The three Ryans laughed and O’Keefe wondered, as he conjured up a polite smile, what kind of life the daughter must lead, amidst all the bluster and money. O’Keefe allowed Ryan to guide him out of the parlour and further down the hall to his office. He heard the Councillor’s wife calling out that she would bring tea, but Ryan told her not to bother.

‘I think it’s late enough for the real stuff, don’t you, Sergeant?’ Ryan closed the door to the office and indicated a chair in front of his desk. The room was as stuffy as the parlour, the dying embers of a fire in the grate still giving off heat. Shelves full of creamery accounts books and animal husbandry manuals lined the walls. Ryan’s desk, with papers neatly aligned and a tall, thick accounts book open to a page of figures in ruled columns was set before a window overlooking the darkened farmyard and dairy. To the left of this was a smaller desk, piled high with papers, an overflowing ashtray, invoice sheets, receipts and more ledgers. Ryan saw O’Keefe looking at the desk and picked up the ashtray, emptying it into the fireplace. He stirred the embers with an iron poker.

‘Colbin,’ he said, pointing to the desk beside his. ‘My accounts man. Manners of a tinker, but a damn fine bookkeeper. Those bloody Churchman’s he smokes – stink like Satan left the doors to Hell open, boy. He’s a good man, though. Indispensable. The business suffered greatly when he was away.’

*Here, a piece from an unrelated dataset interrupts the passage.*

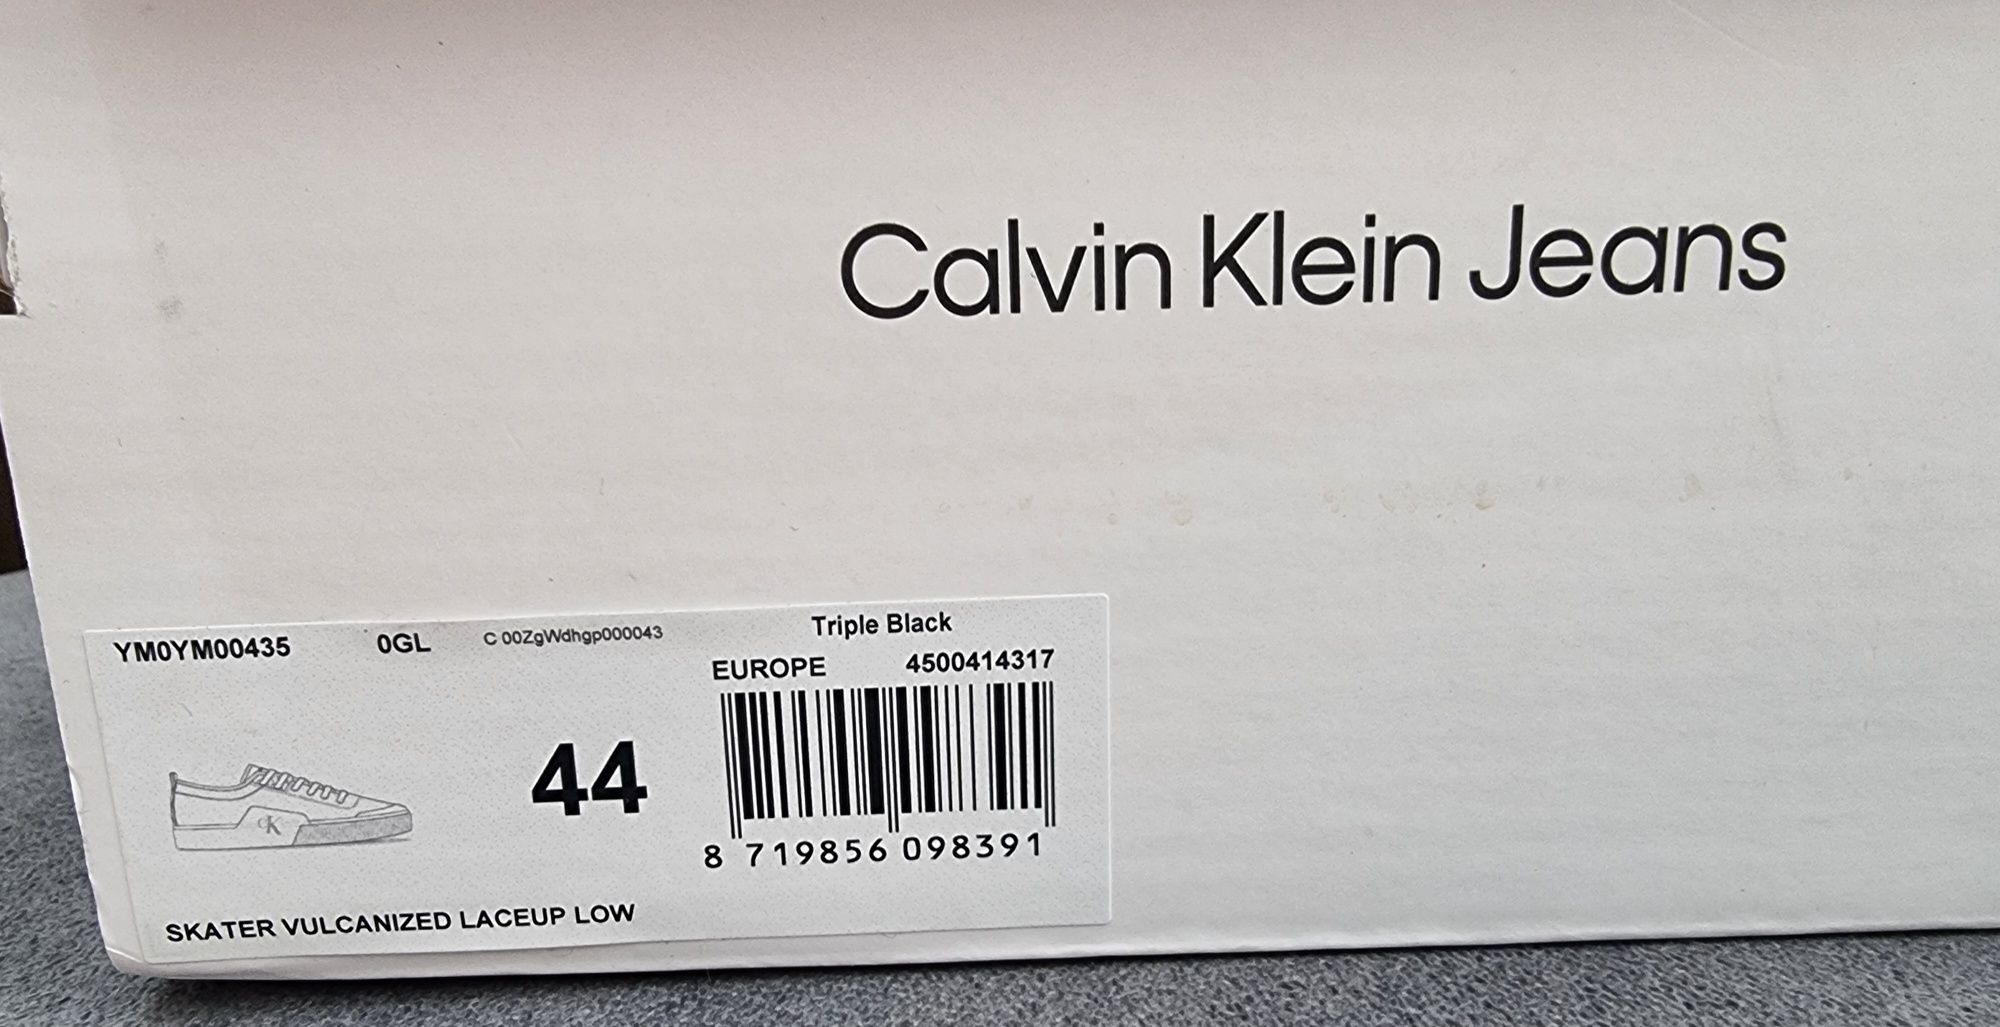 Nowe buty Calvin Klein Jeans rozmiar 44 dł. wkł. 28 cm. Chełm • OLX.pl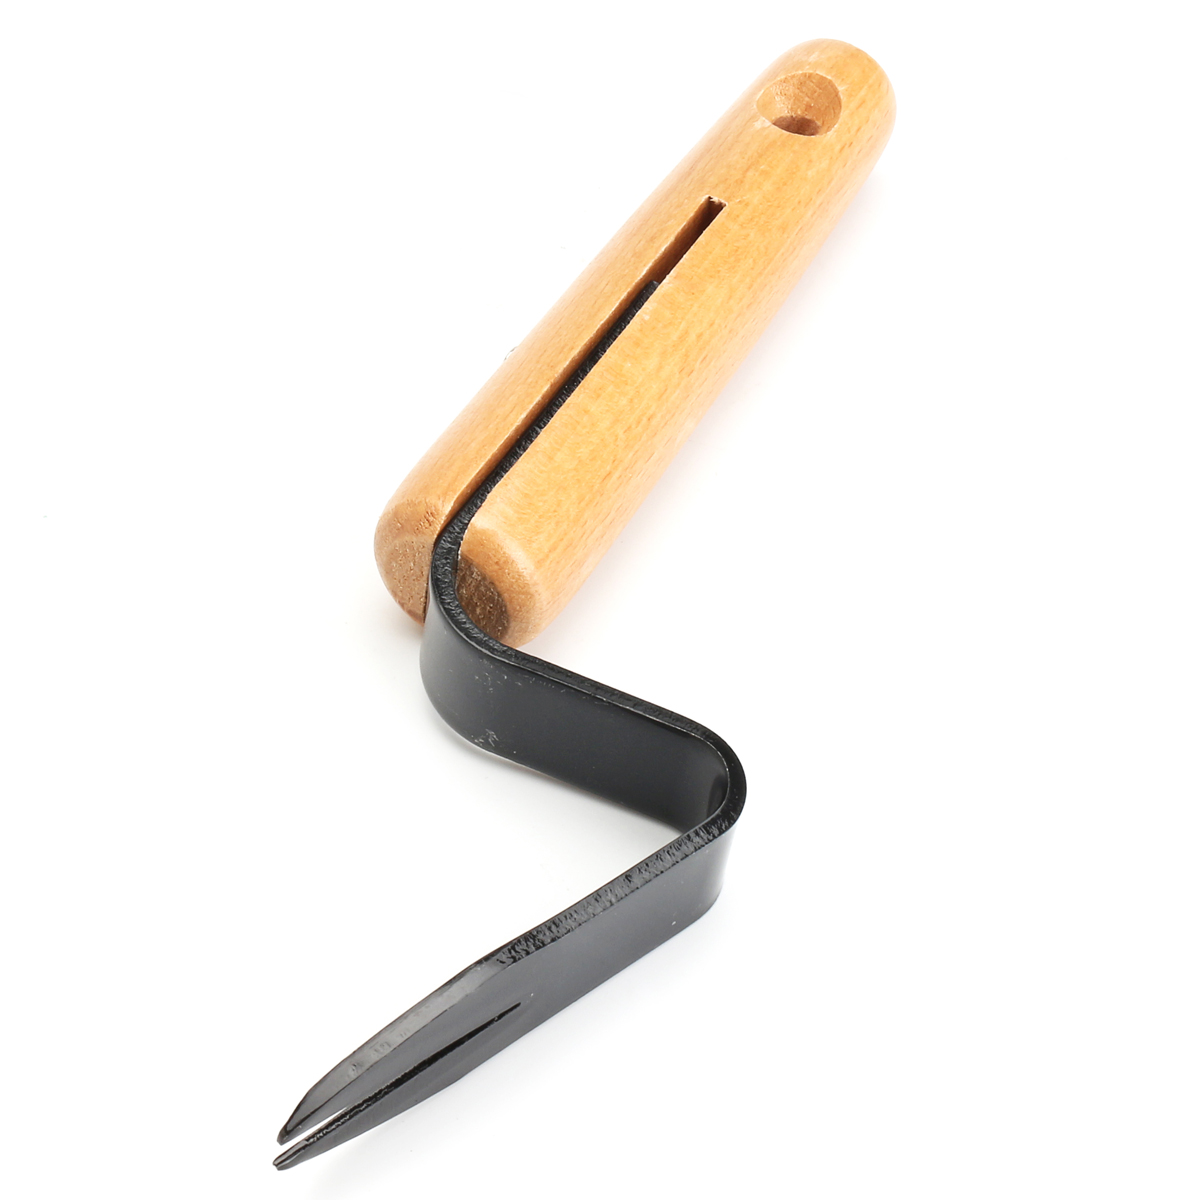 20cm-Forked-Head-Hand-Weeder-Puller-Patio-wood-handle-Garden-Remove-Weeds-1233517-5

Colbin, O’Keefe remembered, had been ‘away’ in Mount-joy Prison, lifted in Crossbarry with a stolen Enfield in one of the creamery trucks. He had been released in April when Dublin Castle, in its wisdom, had decided it would be a good idea to free one hundred and twenty republican prisoners because a number of them had decided to stop eating their porridge. It was just one of the many things the Castle had done to let Peelers know how low down they stood in the scheme of things. The RIC locked up the bastards, took bullets in the head for their troubles, while the government let the same bastards go again because they were afraid of the stir in the Press if some of them lost a few stone on hunger strike.